# Hello Choto Bondhu!

When n = 1, ans = (n * n) % 10 = 1 % 10 = 1.

When n = 2, ans = (n * n) % 10 = 4 % 10 = 4.

This is a companion discussion topic for the original entry at https://toph.co/p/hello-choto-bondhu

#include<stdio.h>
int main()
{
int i,t;
scanf("%d",&t);
int n[t];
for(i=0;i<t;i++){
scanf("%d",&n[i]);
}
for(i=0;i<t;i++)
{
printf("%d\n",((n[i]*n[i])%10));
}

``````return 0;
``````

}
//where is the problem?It passed test case 1 but failed in test case 2!

```#include

int main() {
int t,i,n;
scanf("%d",&t);
for(i=0;i<t;i++){
scanf("%d",&n);
if(n%10==0){
printf("%d\n",0);
}
else if(n%10==1 || n%10==9){
printf("%d\n",1);
}
else if(n%10==2 || n%10==8){
printf("%d\n",4);
}
else if(n%10==3 || n%10==7){
printf("%d\n",9);
}
else if(n%10==4 || n%10==6){
printf("%d\n",6);
}
else if(n%10==5){
printf("%d\n",5);
}
else if(n%10==0){
printf("%d\n",0);
}
}
return 0;
}

```

What’s the bug here?
Why is it failing in test case 4?
Can anyone tell?

I’m no expert at this but I’ve to say it, bro, why did you used printf("%d\n",2); you could use printf(“2”); instead in the “cheat”(I thought the same way.).i also think you need long int or long long int in the function cause the squared number are very large than int .in that case every answer would be taken from 1st 8 digits(or maybe 9, I am not sure). so, try that & I’m very sorry for the delay Ana.

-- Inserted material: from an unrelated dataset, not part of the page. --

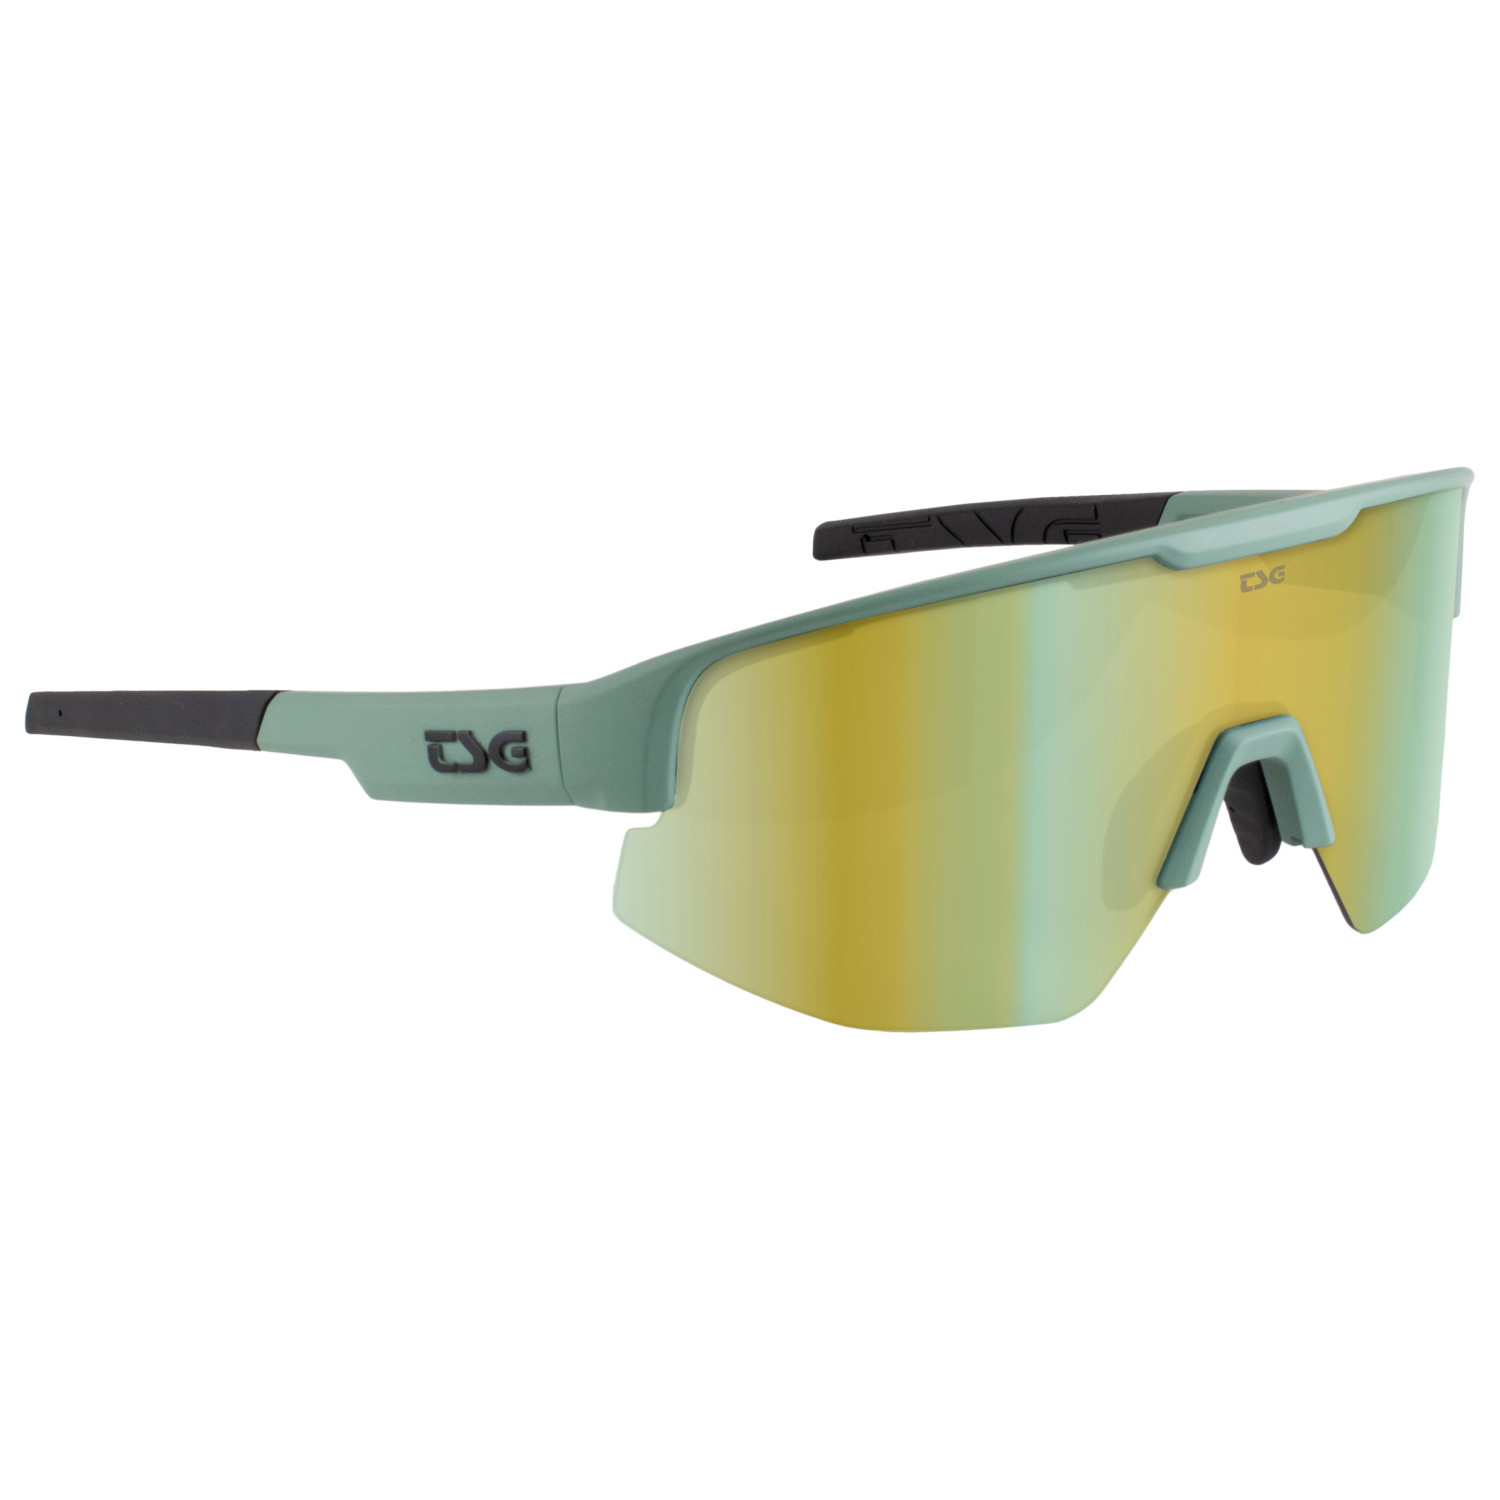 Велосипедные очки Tsg Loam Sunglasses, цвет Green/Grey винтажные мотоциклетные очки ветрозащитные многоцветные велосипедные очки в стиле ретро для езды на велосипеде защитные солнцезащитные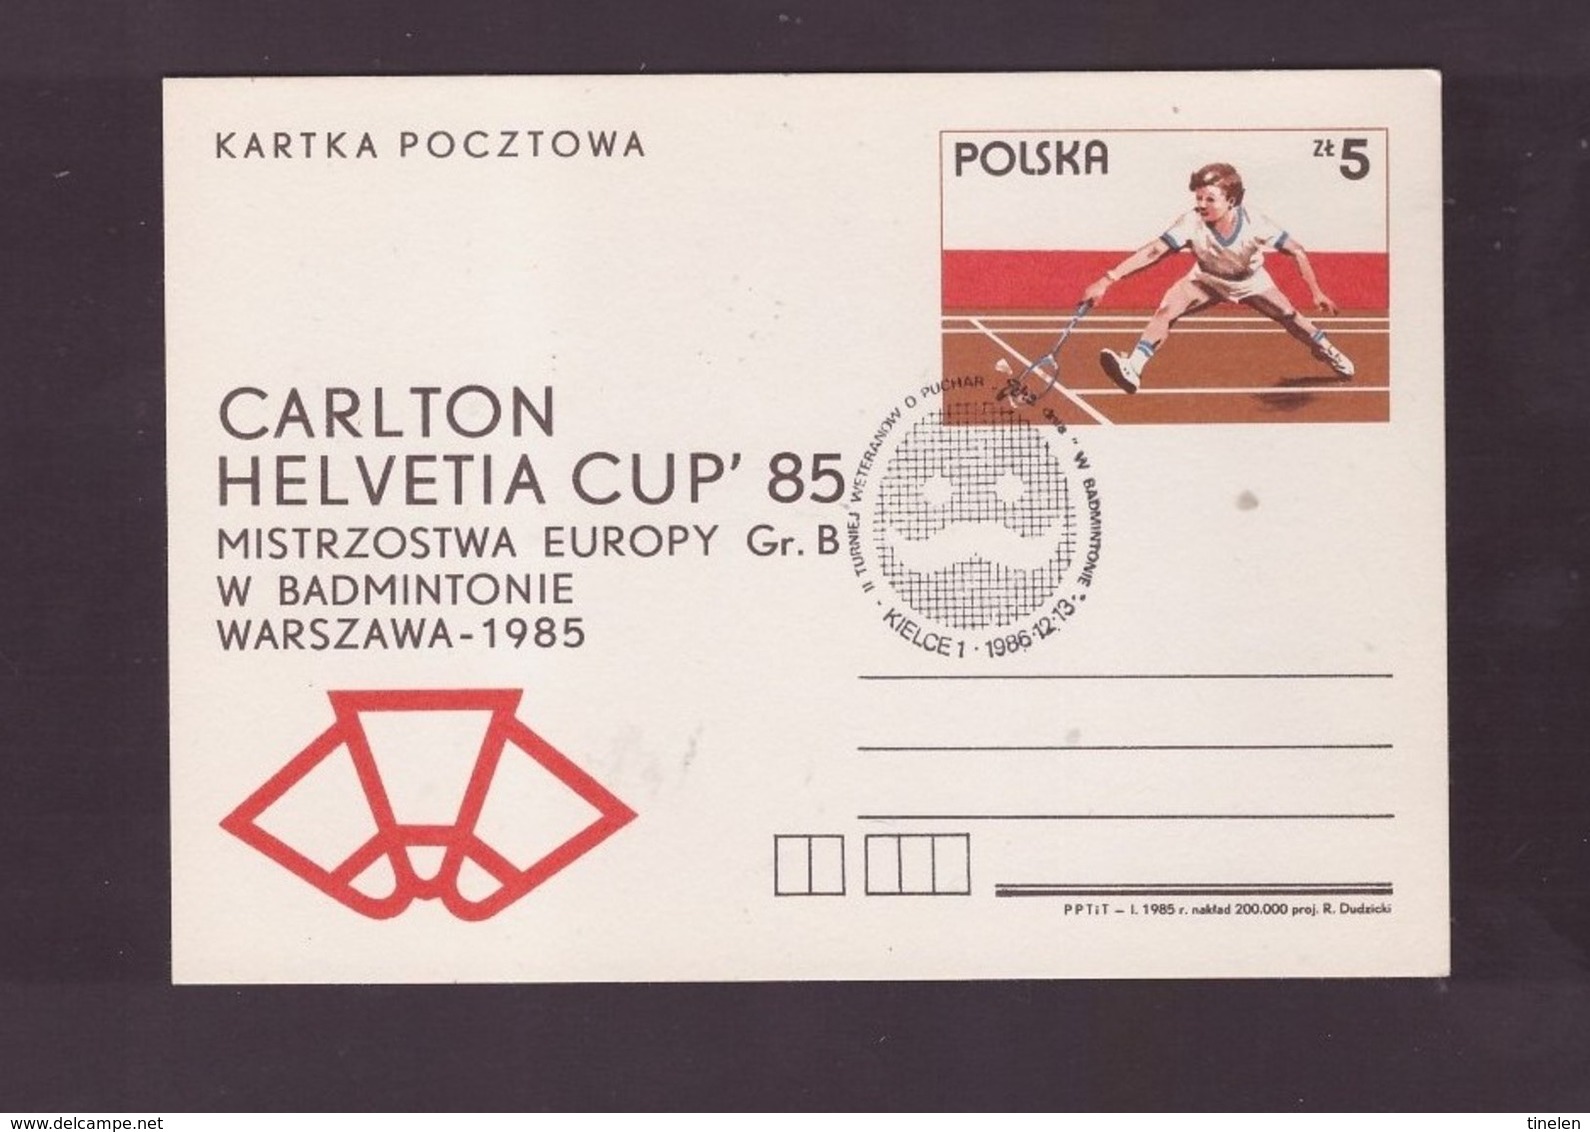 POLONIA  - 26 1 1985 CARLTON ELVETIA CUP'85 - Badminton

sorry but I checked more and found that my previous ans was partially wrong. cause in subtask 3 , " n" has highest value 10^100000 that means 1 lakh digits. I think string may work.

T=int(input())
for i in range(T):
n=int(input())
s=str(n**2)
print(int(s[len(s)-1:]))

I am exceeding CPU limit in the last case. Any suggestions on what i can do?